[What to do]: Exclude the pictures, then repeat the remaining data exactly.

[Data]:
☆ ☆ ☆ ☆ ☆ ☆ ☆

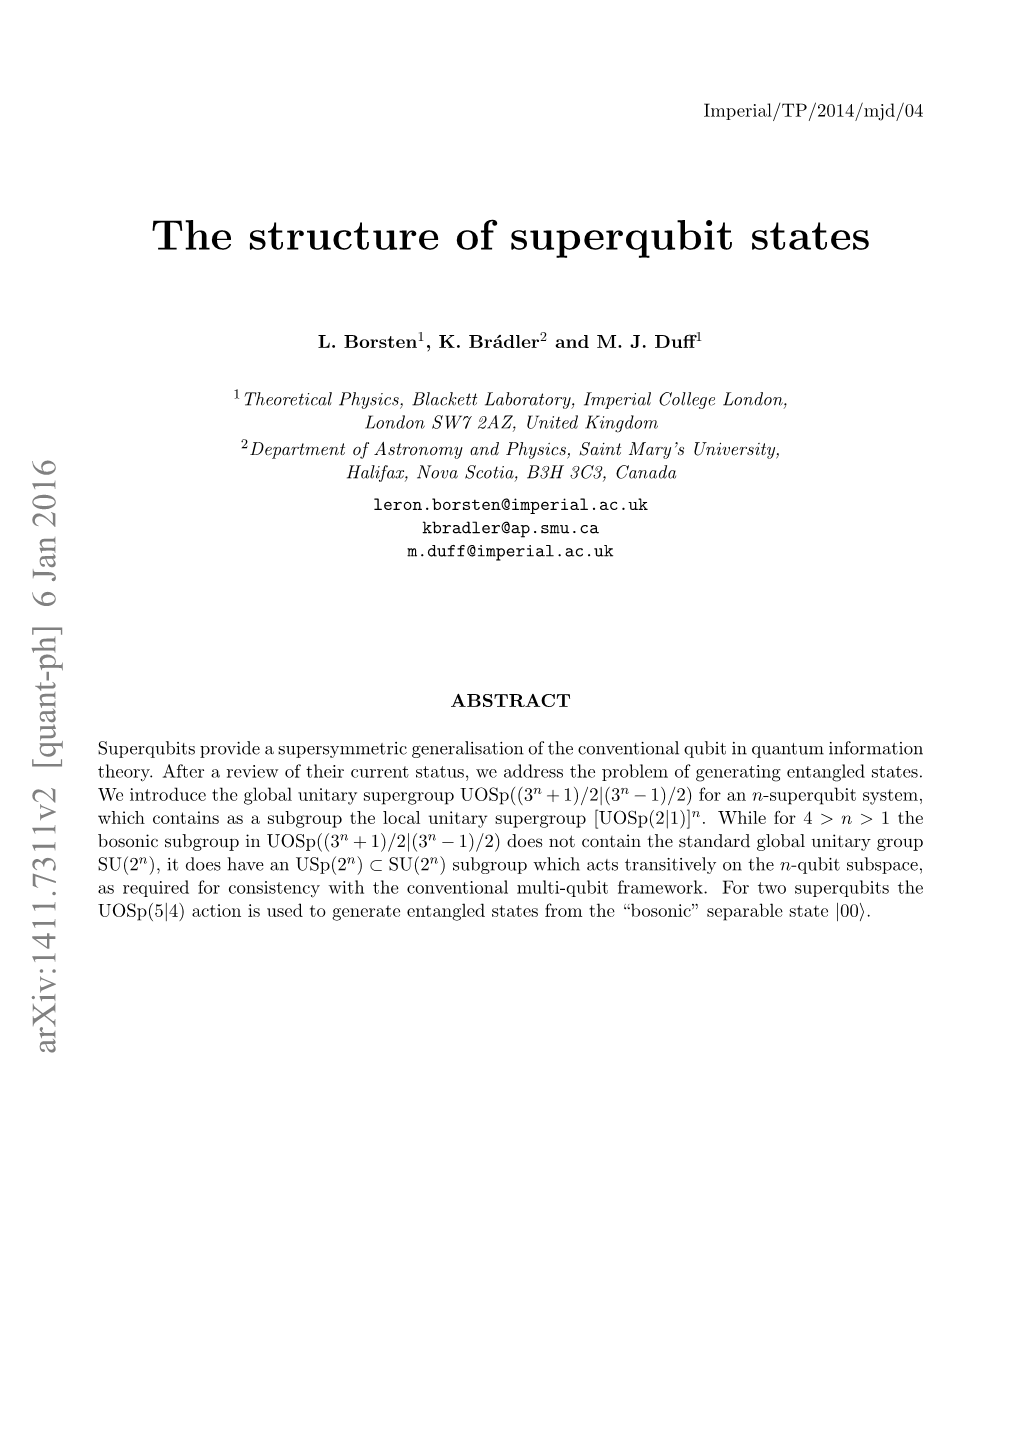 The Structure of Superqubit States
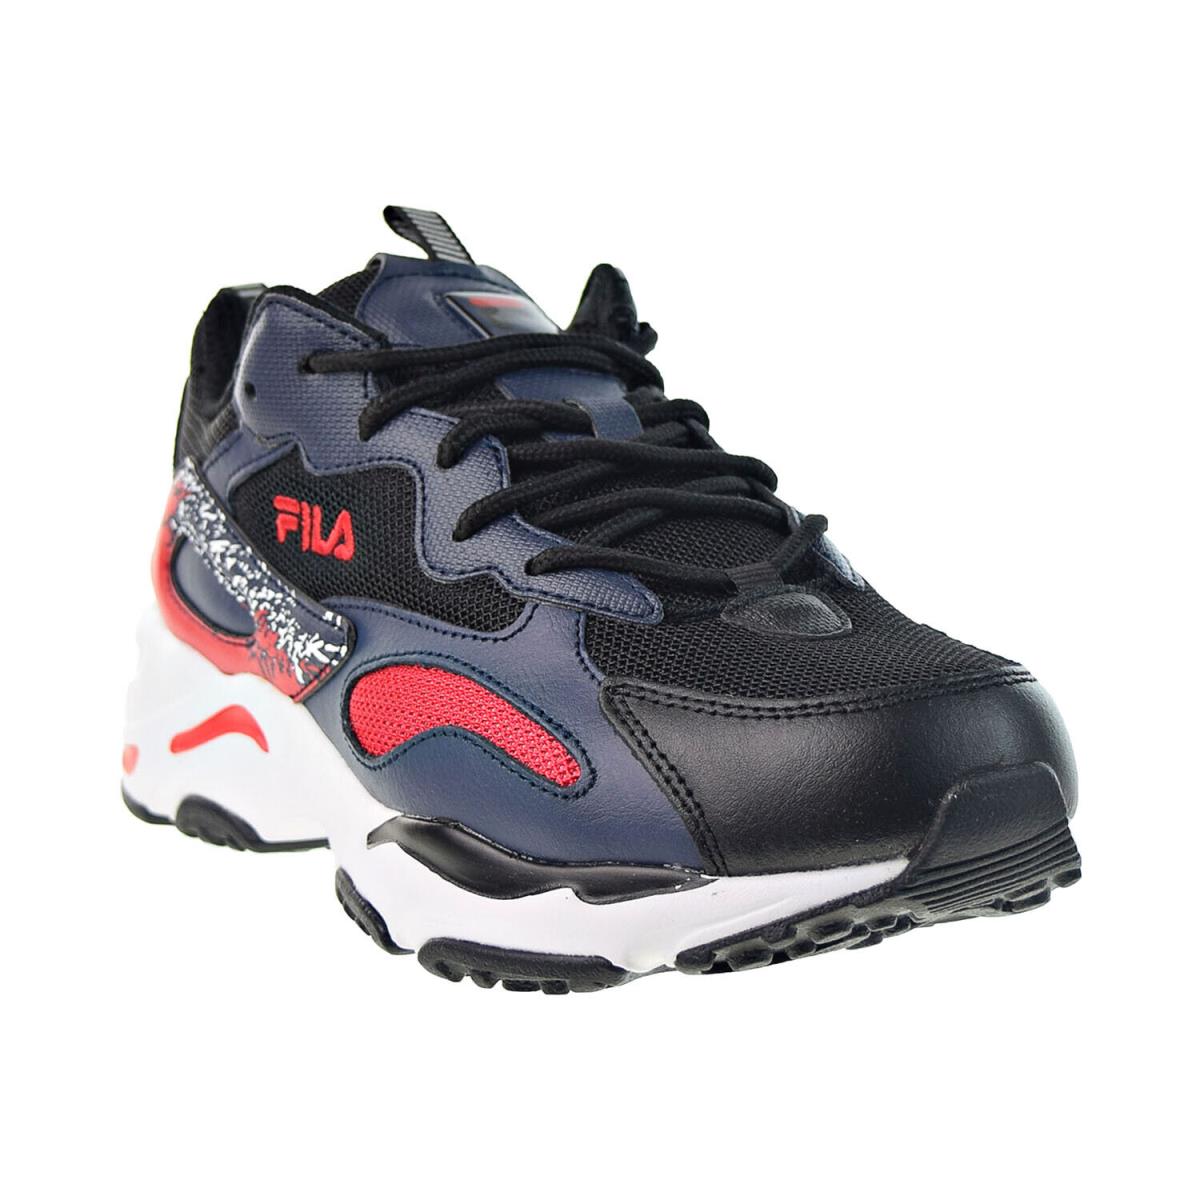 Fila Ray Tracer TR 2 Men`s Shoes Black-white-blue-red 1RM01230-018
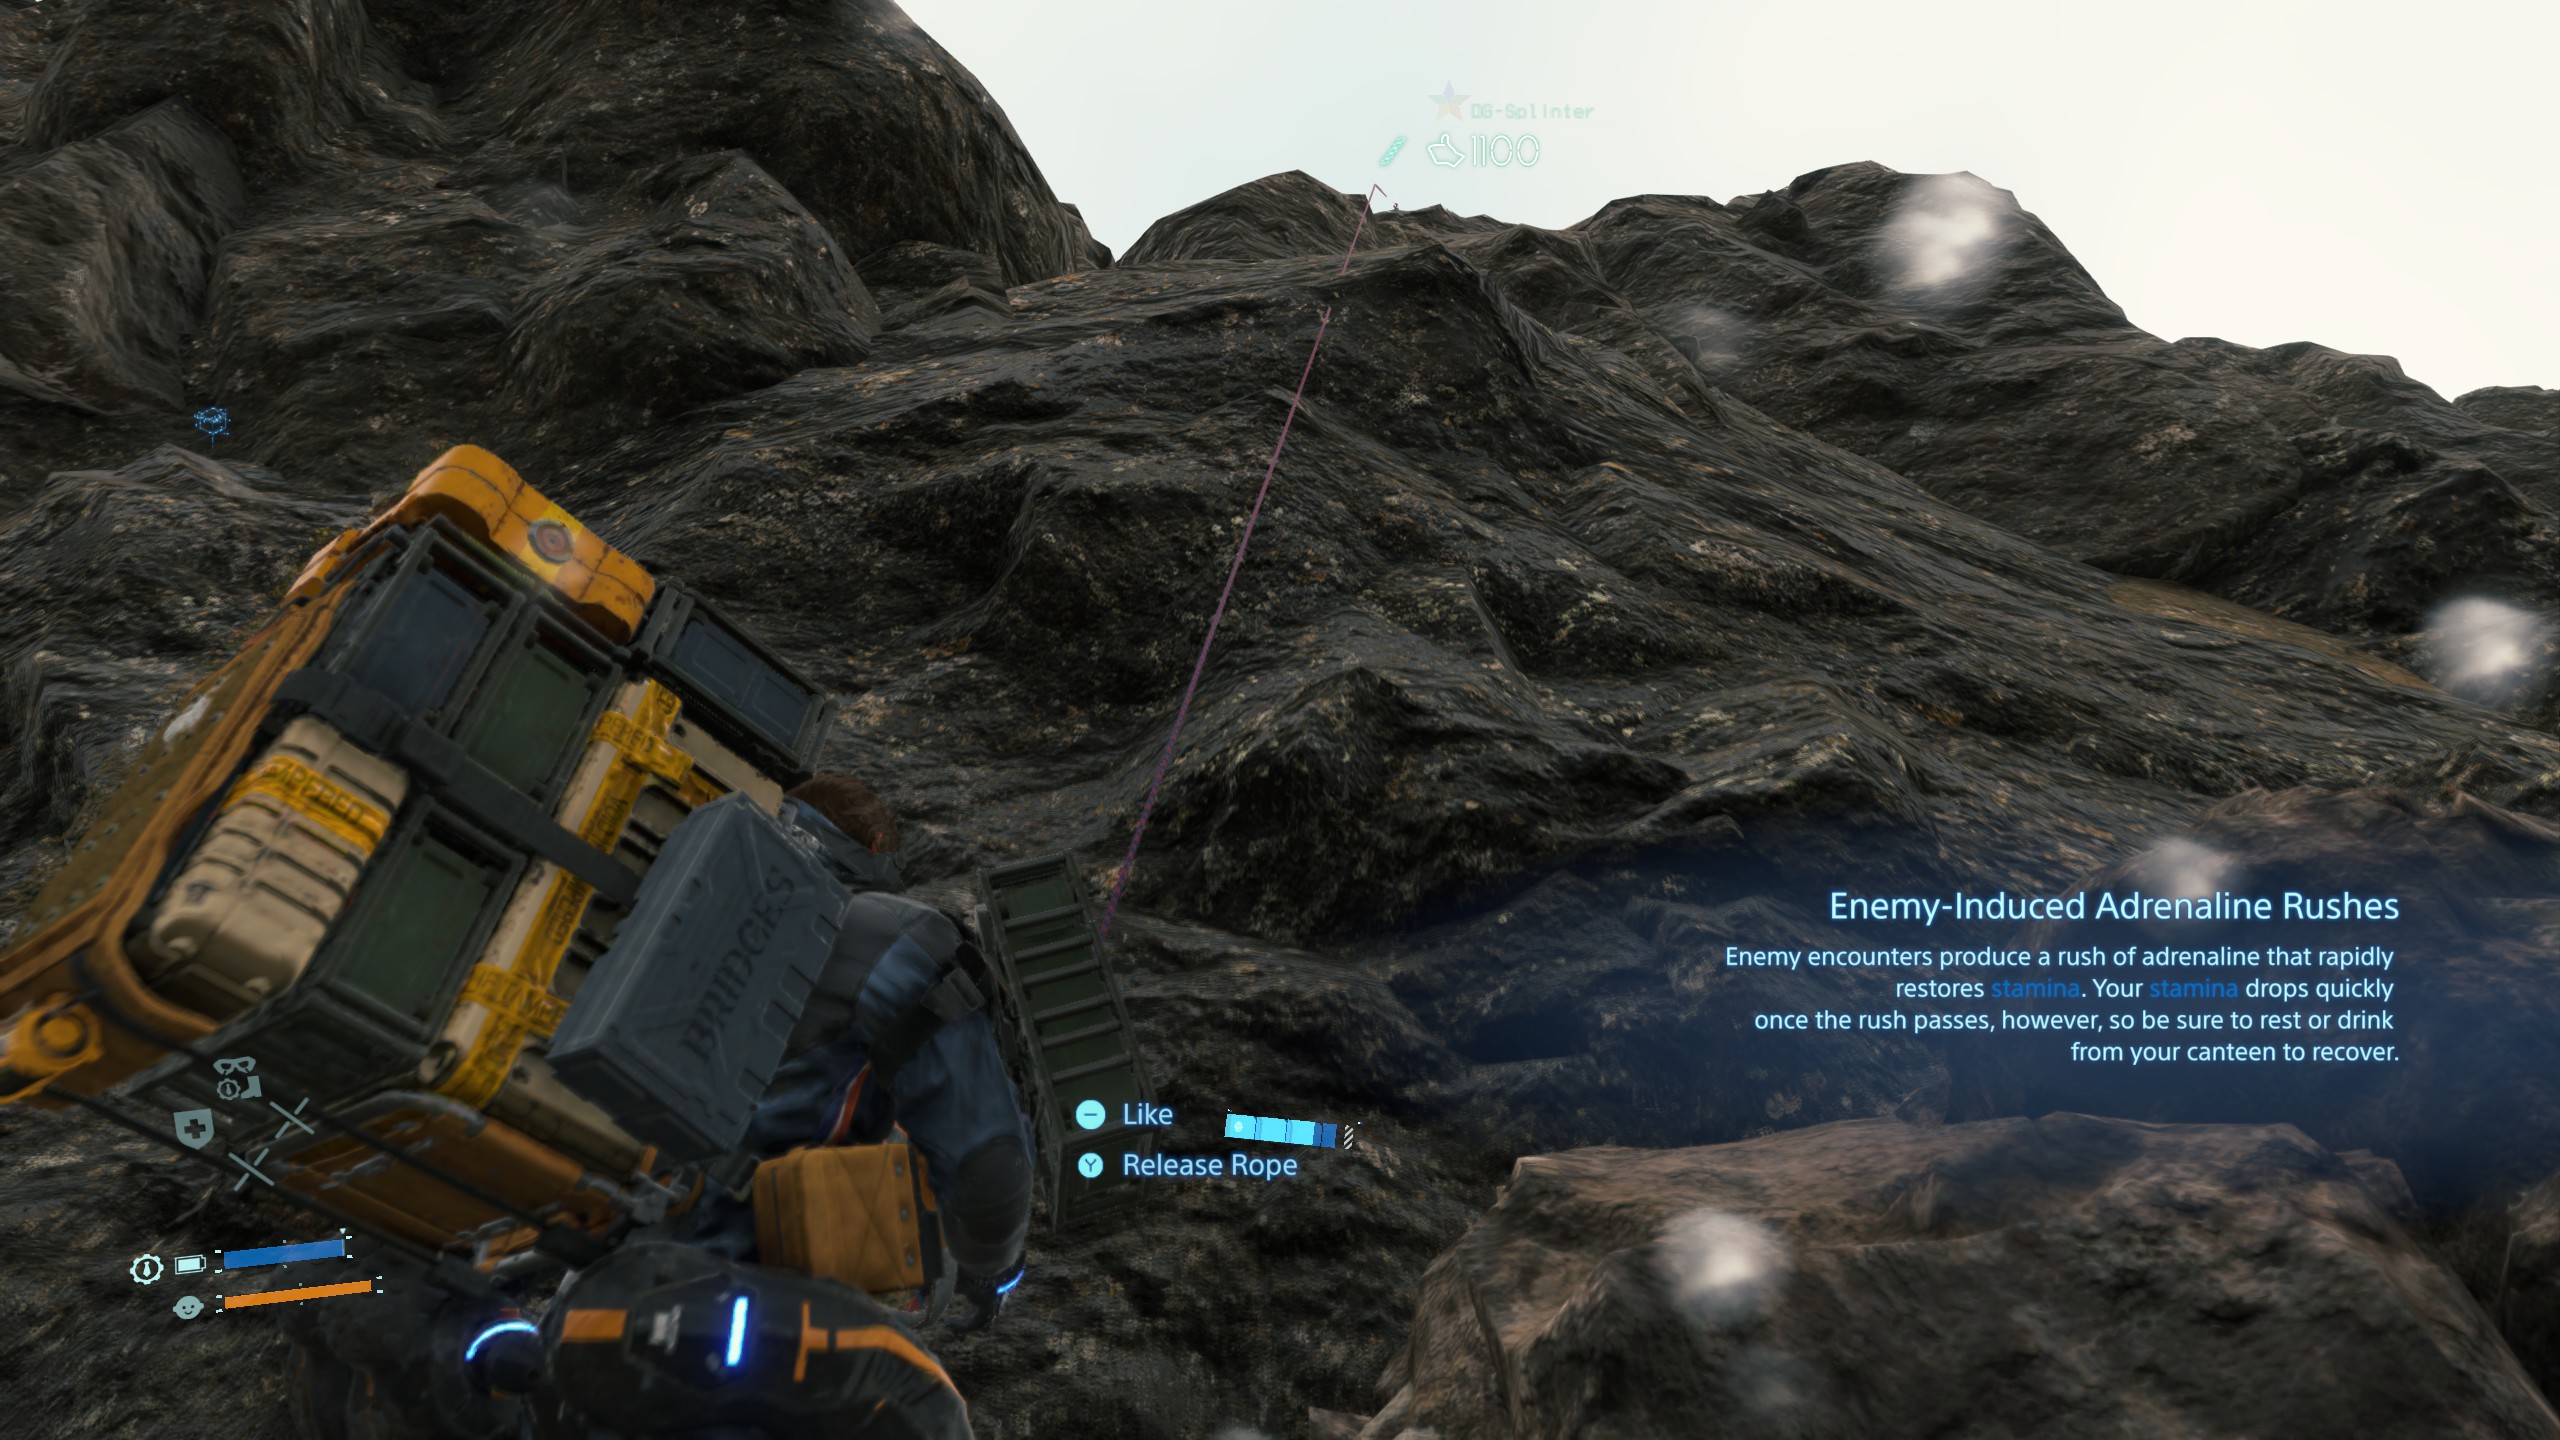 A picture of Death Stranding gameplay, showing the protagonist Sam Porter Bridges attempting to climb a sheer cliff face using a rope that another player left behind

☆ ☆ ☆ ☆ ☆ ☆ ☆

[Response]:
 The Structure of Superqubit States
 Fila Ray Tracer TR 2 Men`s Shoes Black-white-blue-red 1RM01230-018
 A picture of Death Stranding gameplay, showing the protagonist Sam Porter Bridges attempting to climb a sheer cliff face using a rope that another player left behind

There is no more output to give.